Portal Konferencji Episkopatu Polski relacjonuje noworoczne orędzie „abpa” Tadeusza Wojdy SAC, pełniącego funkcję „przewodniczącego” w strukturach okupujących polski Kościół. Paradoksalnie, ten „pasterski” przekaz stanowi jaskrawą ilustrację doktrynalnej degrengolady posoborowej instytucji.
Naturalizm zastępujący nadprzyrodzoność
Wojda życzy wiernym, by Nowy Rok był „okazją do ciągłego zachwytu nad pięknem naszej wiary oraz do odkrywania bliskości Jezusa w naszym codziennym życiu”. Zabrakło jednak jakiegokolwiek odniesienia do konieczności uświęcenia, walki z grzechem, łaski uświęcającej czy obowiązku składania Bogu czci przez uczestnictwo w prawdziwej Ofierze Mszy Świętej. Jak zauważył Pius XI w Quas primas: „Wówczas to będzie można uleczyć tyle ran, wówczas to będzie nadzieja, że prawo dawną powagę odzyska, miły pokój znowu powróci, z rąk miecze i broń wypadną, gdy wszyscy chętnie przyjmą panowanie Chrystusa i posłuszni Mu będą”.
„Pamiętajmy, że możemy być misjonarzami niosącymi Dobrą Nowinę zawsze i wszędzie: w szkole, w domu i w pracy” – stwierdza „abp” Wojda.
Ta pozornie niewinna zachęta kryje modernistyczną redukcję misji Kościoła do humanitarnego aktywizmu. Dobra Nowina w katolickim rozumieniu to głoszenie konieczności nawrócenia, chrztu i poddania się pod panowanie Chrystusa Króla (Mk 16, 16). Tymczasem Wojda przemilcza fakt, że współczesne „duszpasterstwo” w strukturach posoborowych pozbawione jest środków zbawczych – ważnych sakramentów i prawdziwej Ofiary.
Relatywizm w miejsce dogmatu
Szczególnie wymowne jest odwołanie się do Karola Wojtyły: „człowiek jest drogą Kościoła (…) każdy bez wyjątkiem został odkupiony przez Chrystusa”. Te słowa – jak zaznacza Wojda – mają uzasadniać postawę „szacunku, otwartości, życzliwości i dialogu”.

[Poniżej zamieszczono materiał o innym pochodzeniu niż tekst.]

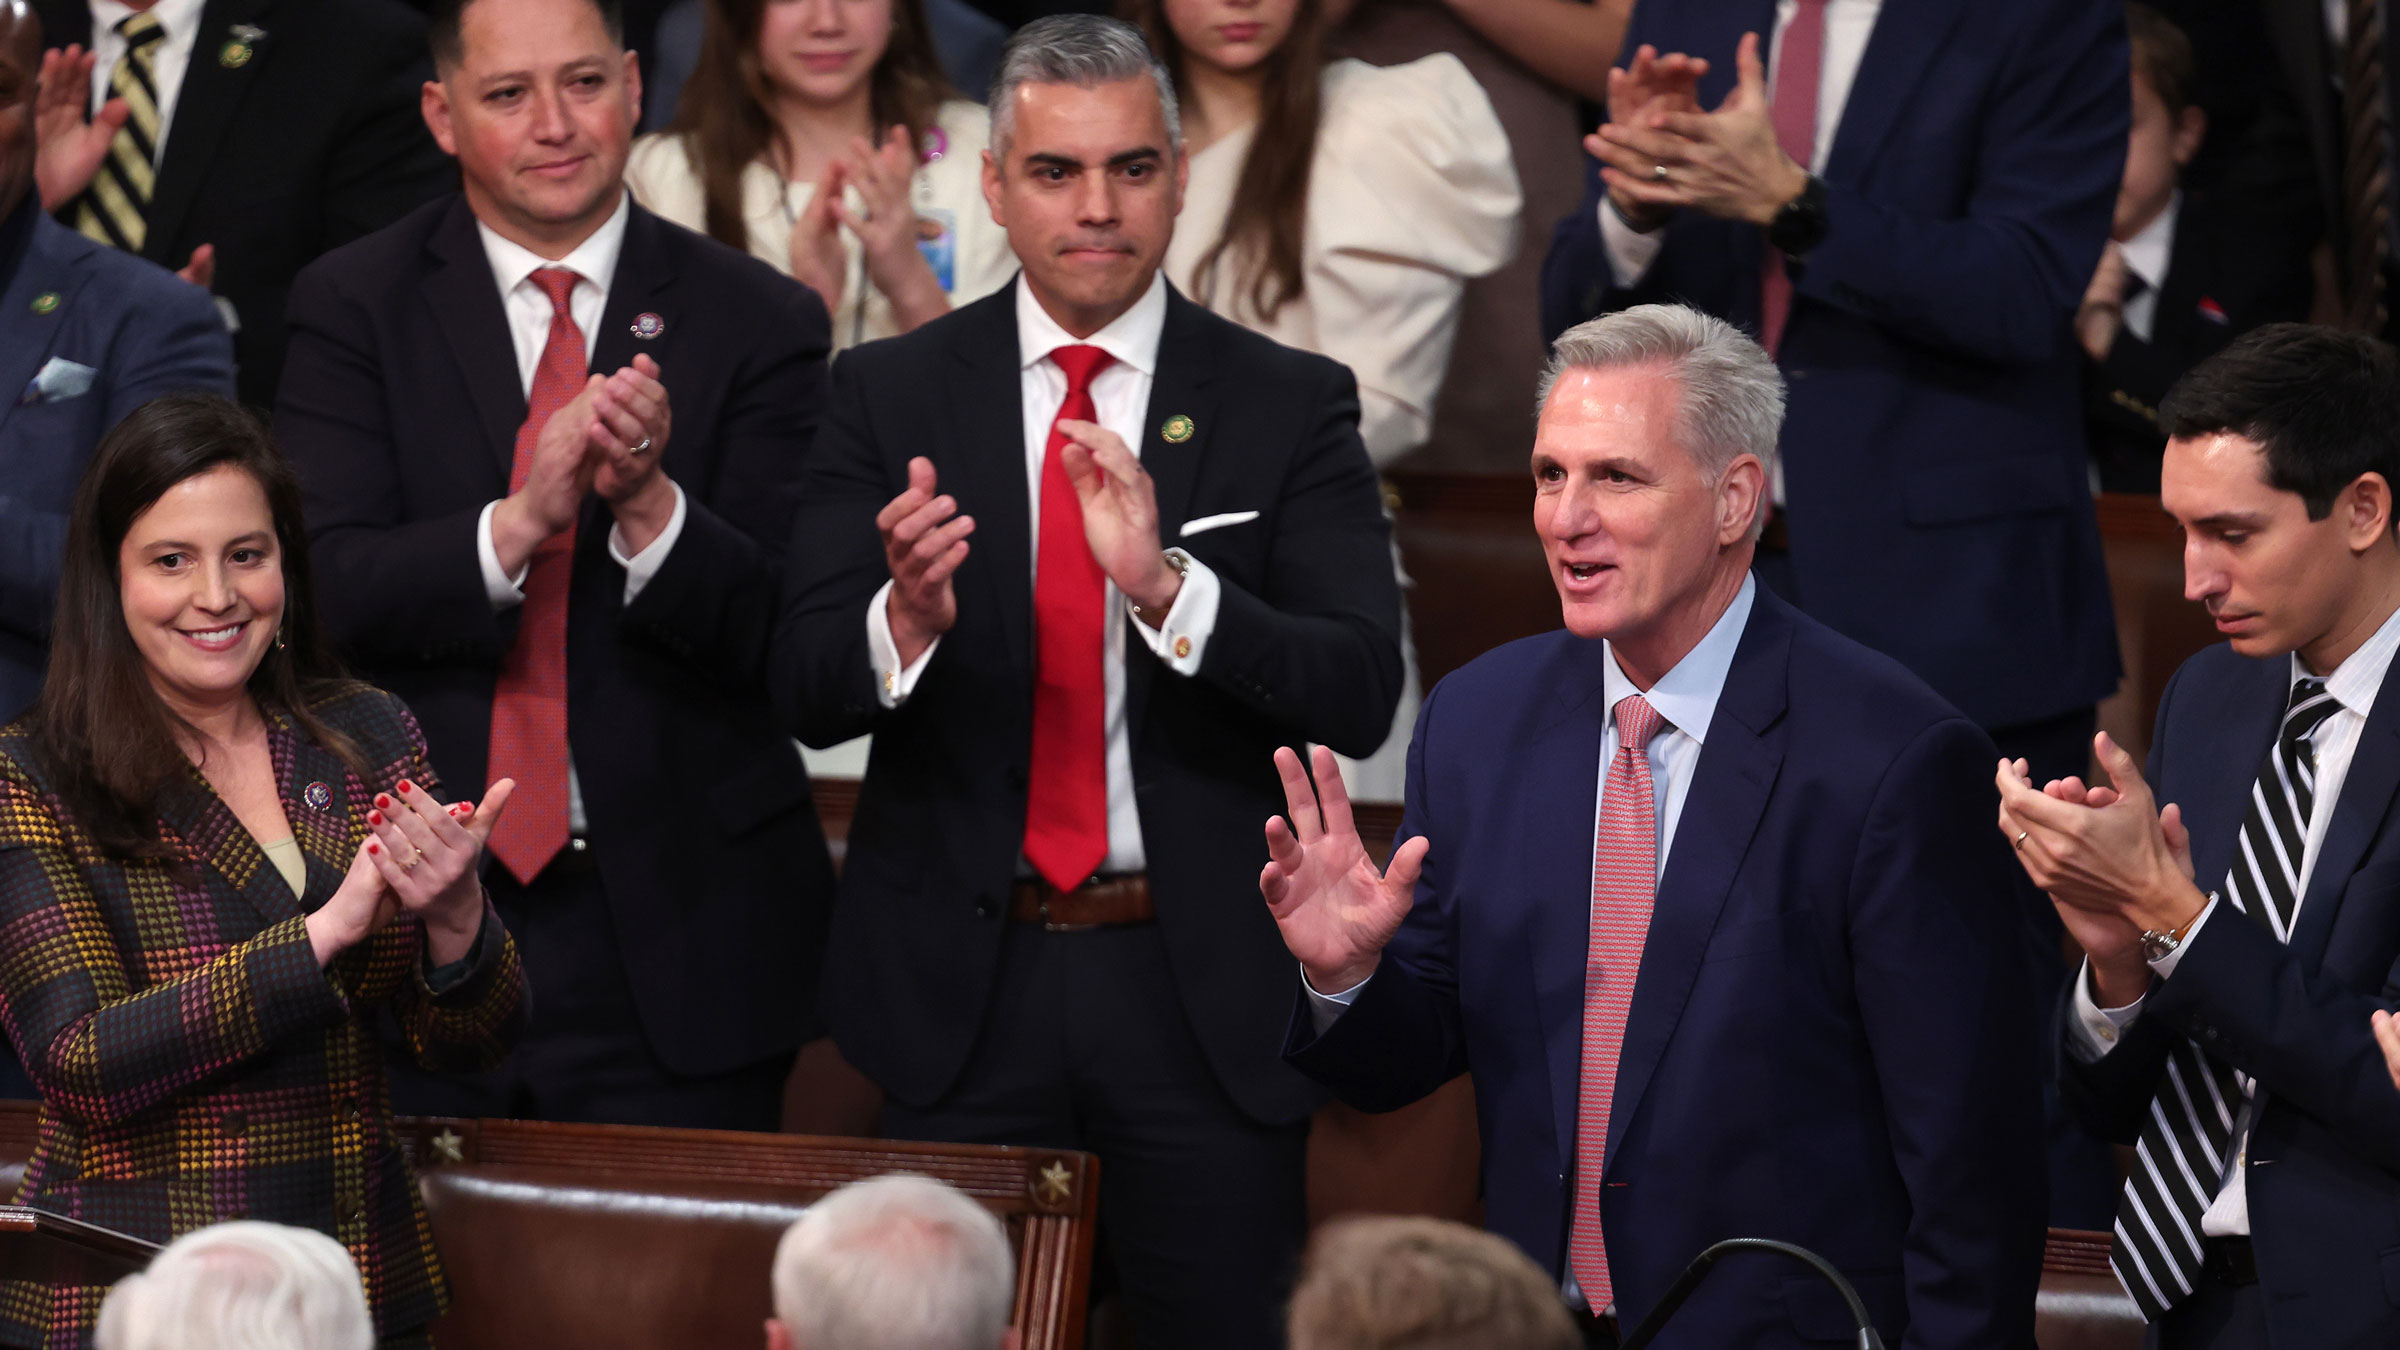 Kevin McCarthy receives applause after being nominated as House Speaker.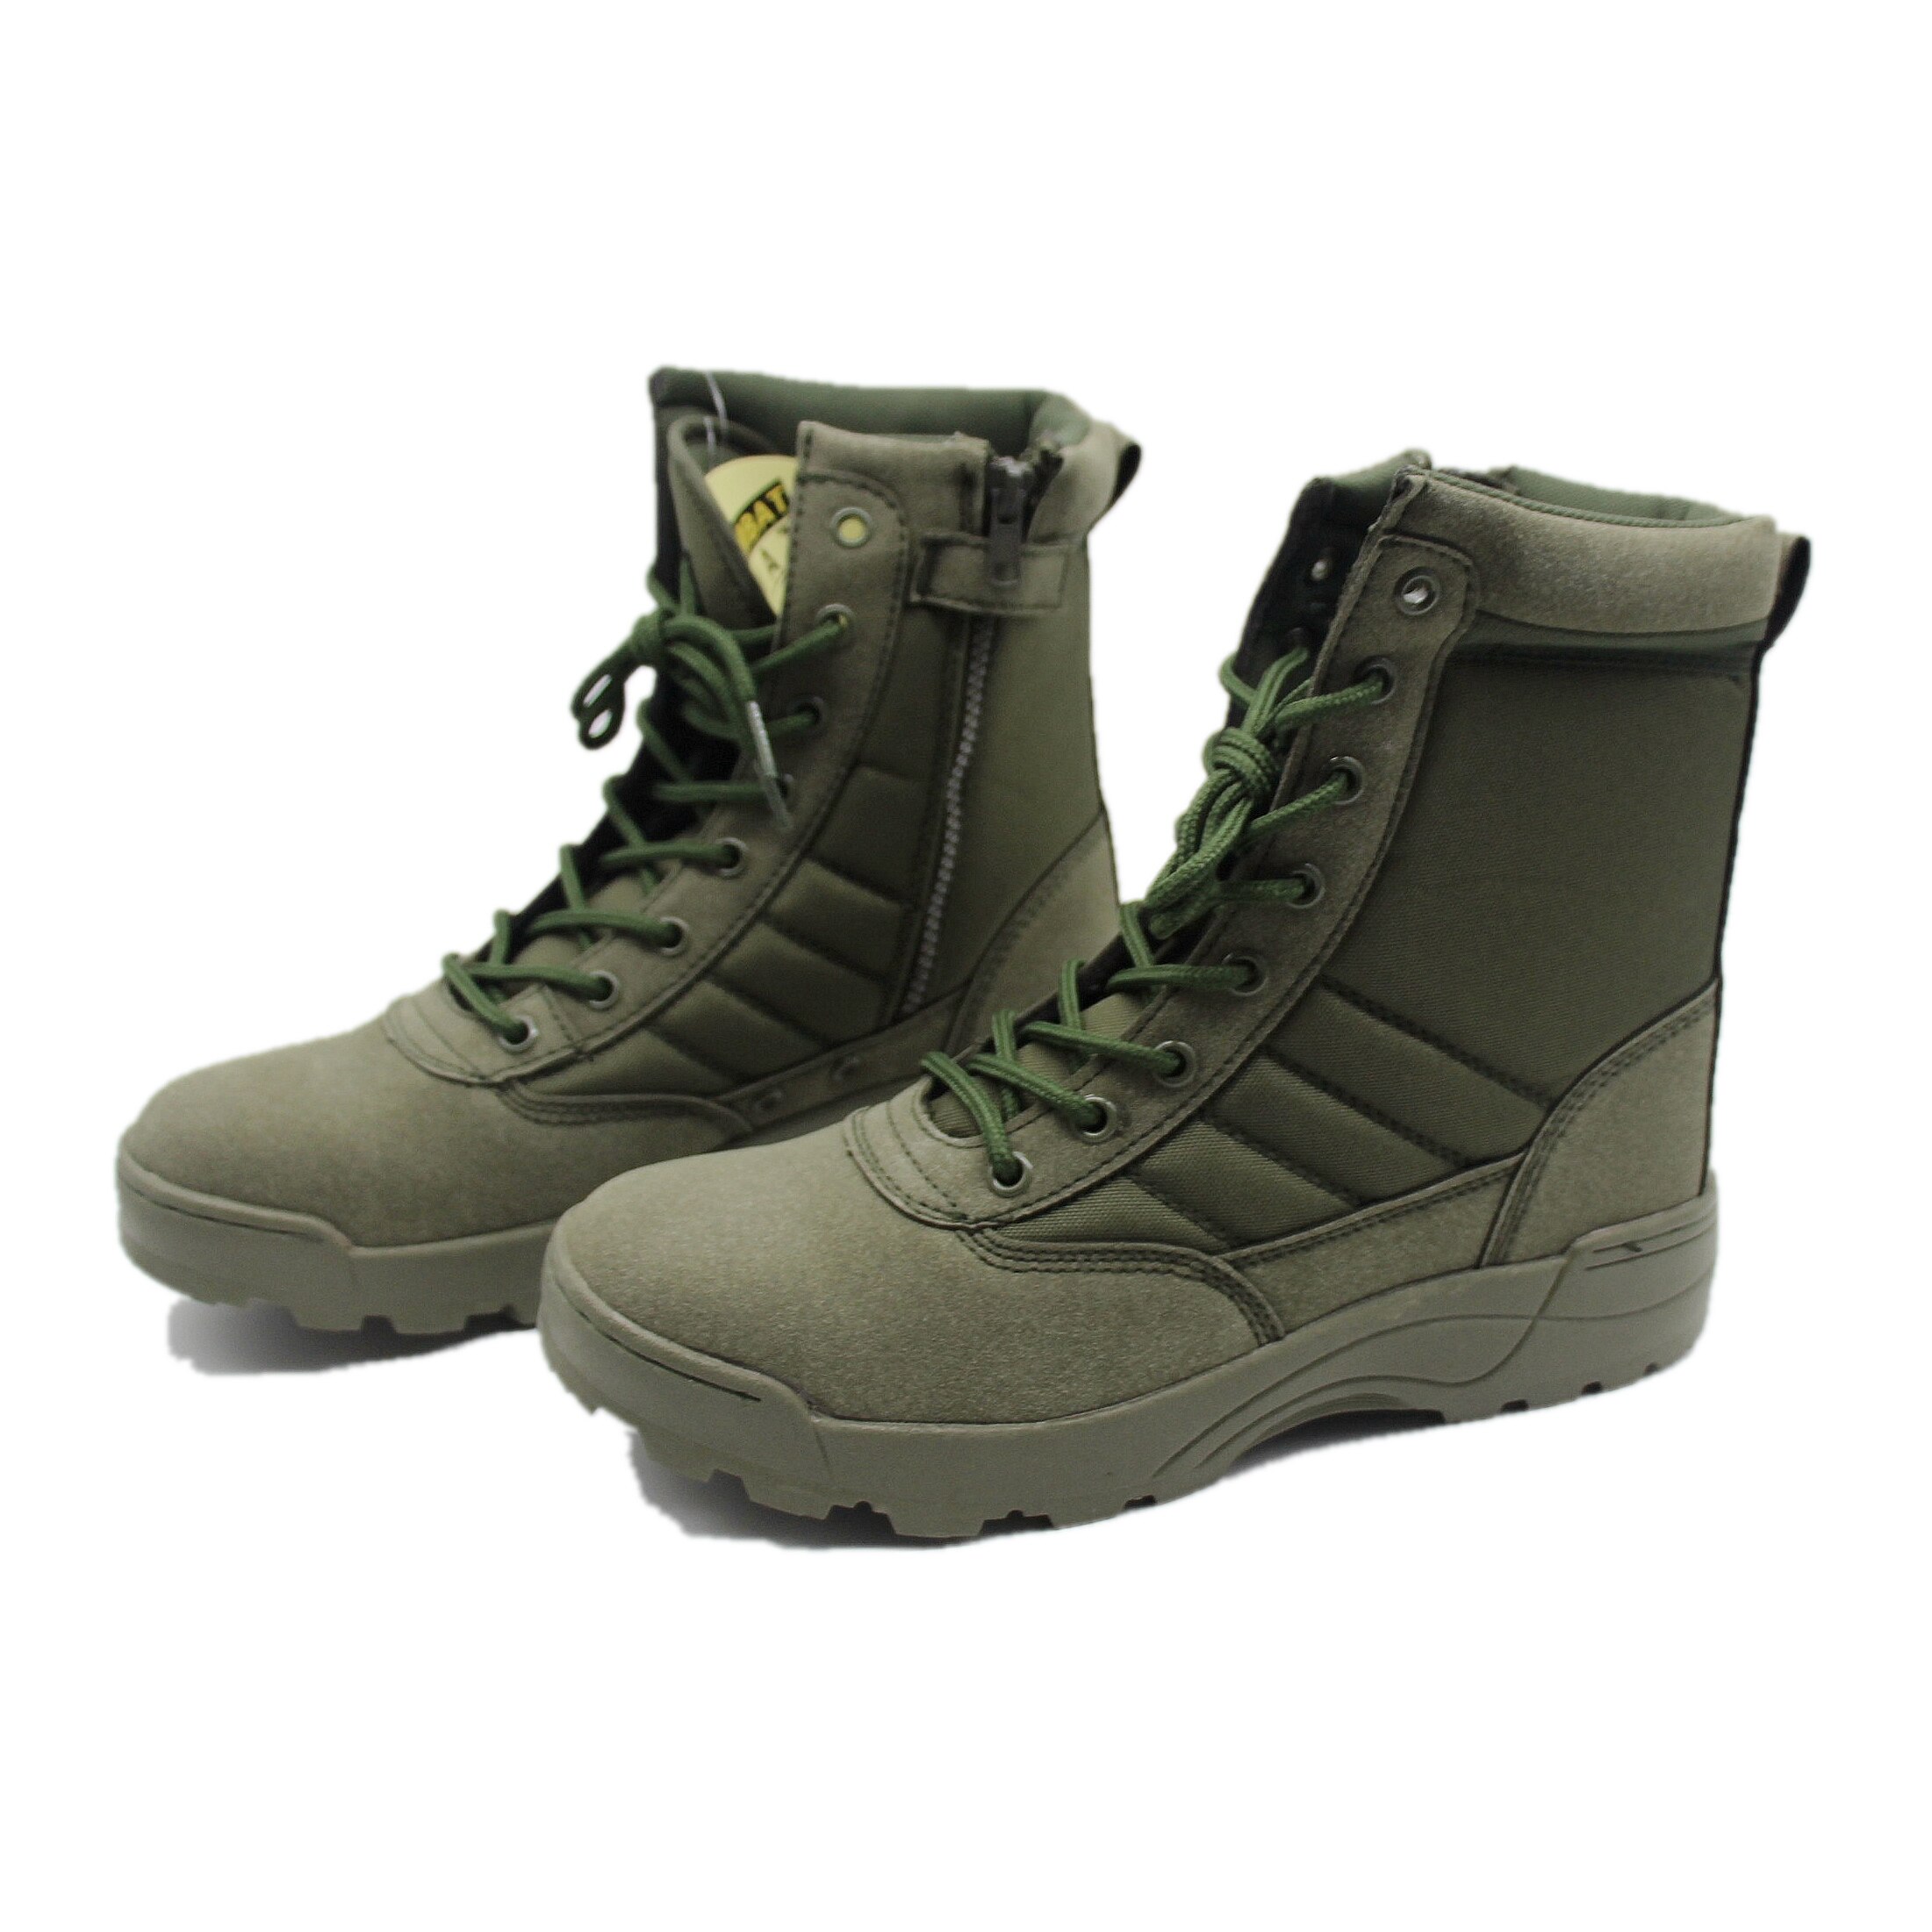 Tactical Military Combat Boots Hunting Outdoor Hik..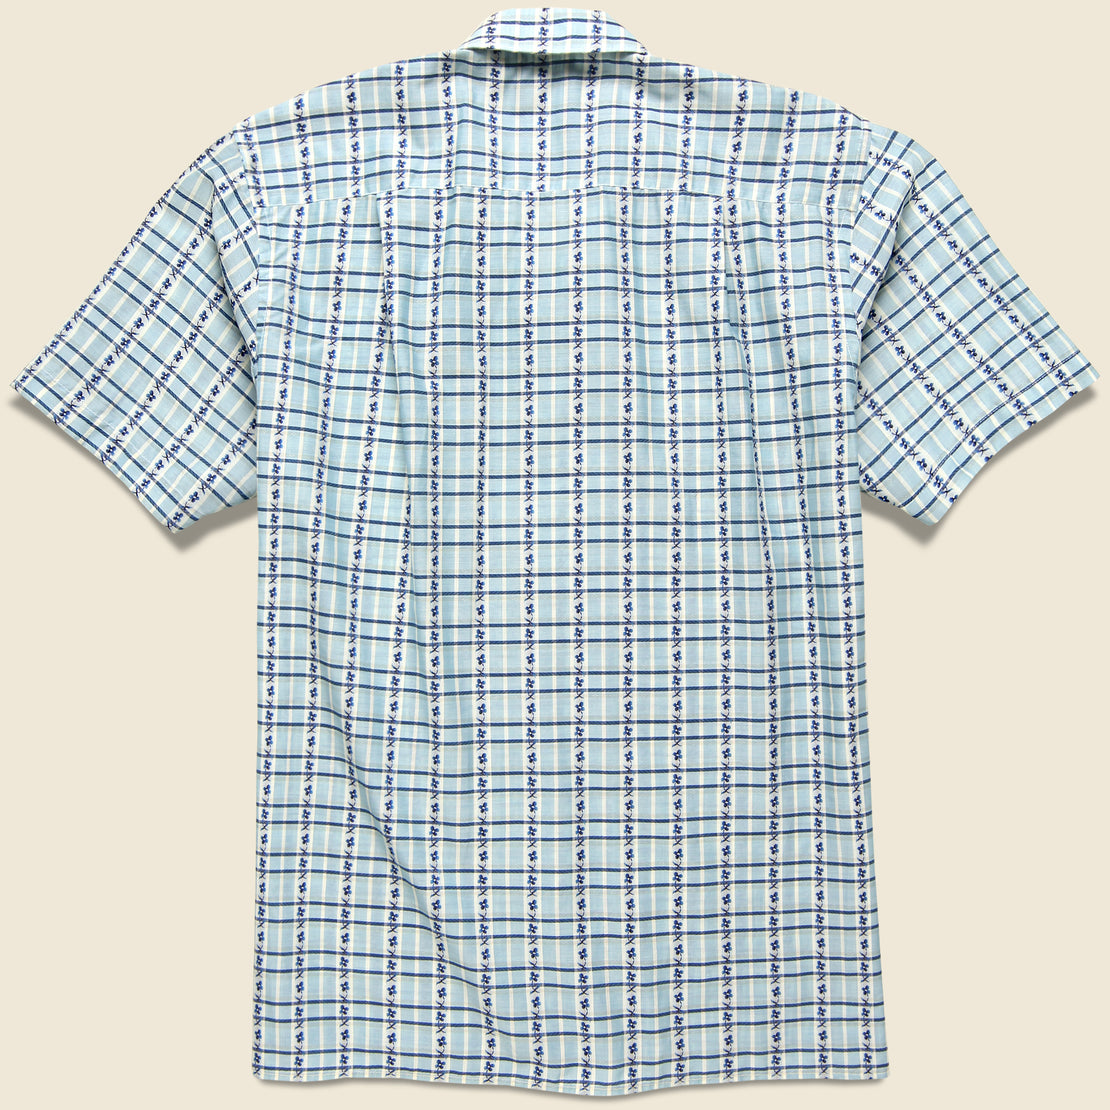 Archive Summer Jacquard Camp Shirt - Blue - Gitman Vintage - STAG Provisions - Tops - S/S Woven - Plaid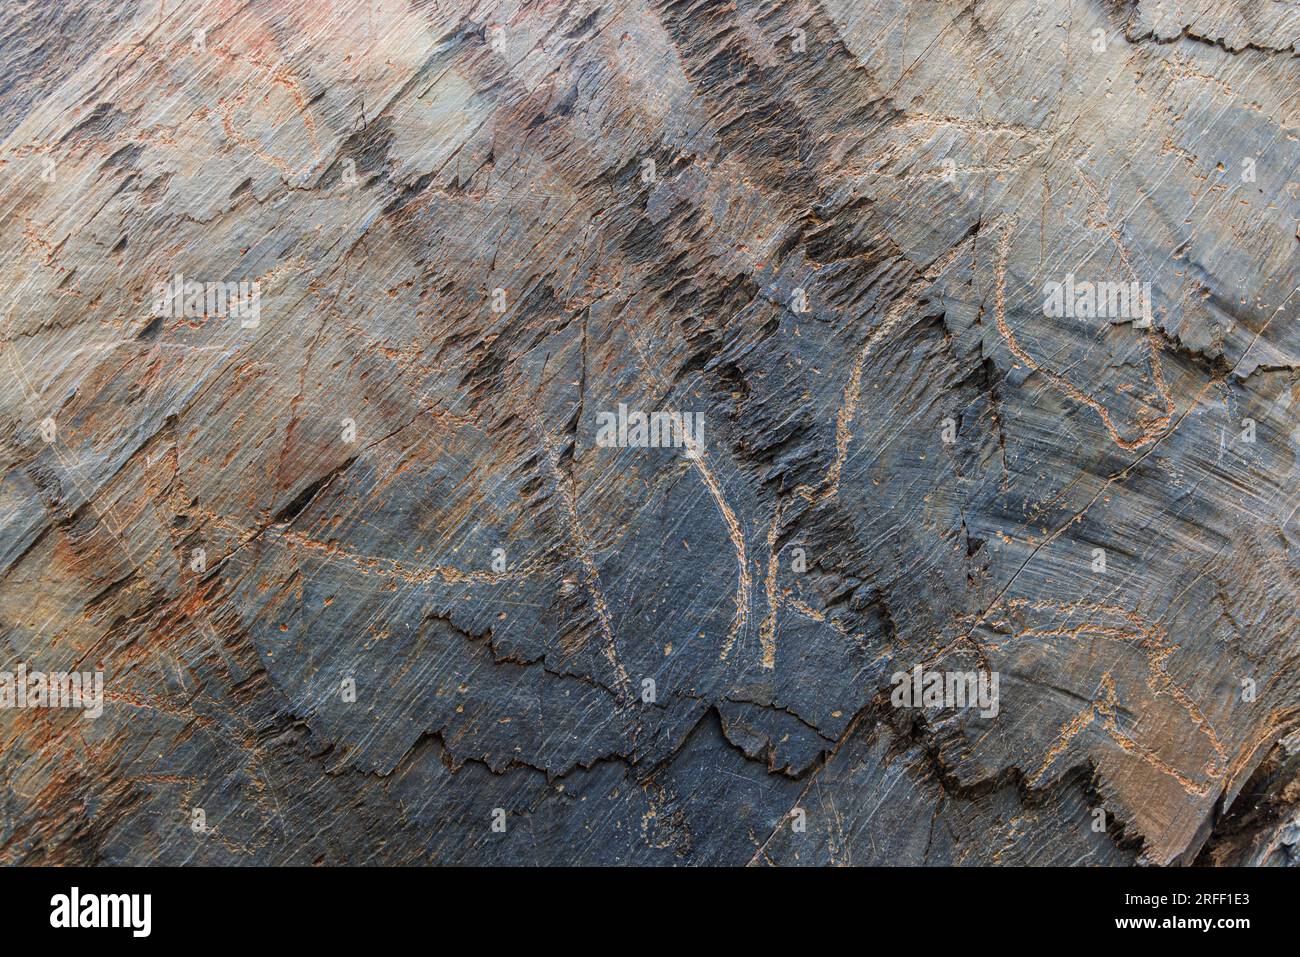 Spain, Castile and Leon, Villar de la Yegua, Prehistoric Rock Art Sites in the Coa Valley and Siega Verde listed as World Heritage by UNESCO, horse engraving Stock Photo

Jest to jawna herezja potępiona już w Syllabusie Piusa IX (1864): „Każdy człowiek jest wolny w przyjęciu i wyznawaniu tej religii, którą uzna za prawdziwą pod wpływem światła rozumu” (potępienie zdania 15). Kościół katolicki zawsze nauczał, że poza nim nie ma zbawienia (extra Ecclesiam nulla salus), zaś odkupienie – choć powszechne w zamiarze – wymaga przyjęcia chrztu i trwania w łasce uświęcającej. Dialog zaś – według św. Piusa X – „nie może zastąpić apostolskiego obowiązku kontrowersji” (Lamentabili sane).
Ewangelia bez Krzyża
Wezwanie do „niesienia bezwarunkowej miłości Chrystusa” pozbawione jest jakiegokolwiek odniesienia do Krzyża, zadośćuczynienia czy obowiązku pokuty. Jak przypominał Pius XI: „Nie przez co innego szczęśliwe państwo – a przez co innego człowiek, państwo bowiem nie jest czym innym, jak zgodnym zrzeszeniem ludzi” (Quas primas). Wojda proponuje ewangelię uczuć zastępującą ewangelię zbawienia, co Pius XII nazwał „herezją działania” w przeciwstawieniu do „herezji słowa”.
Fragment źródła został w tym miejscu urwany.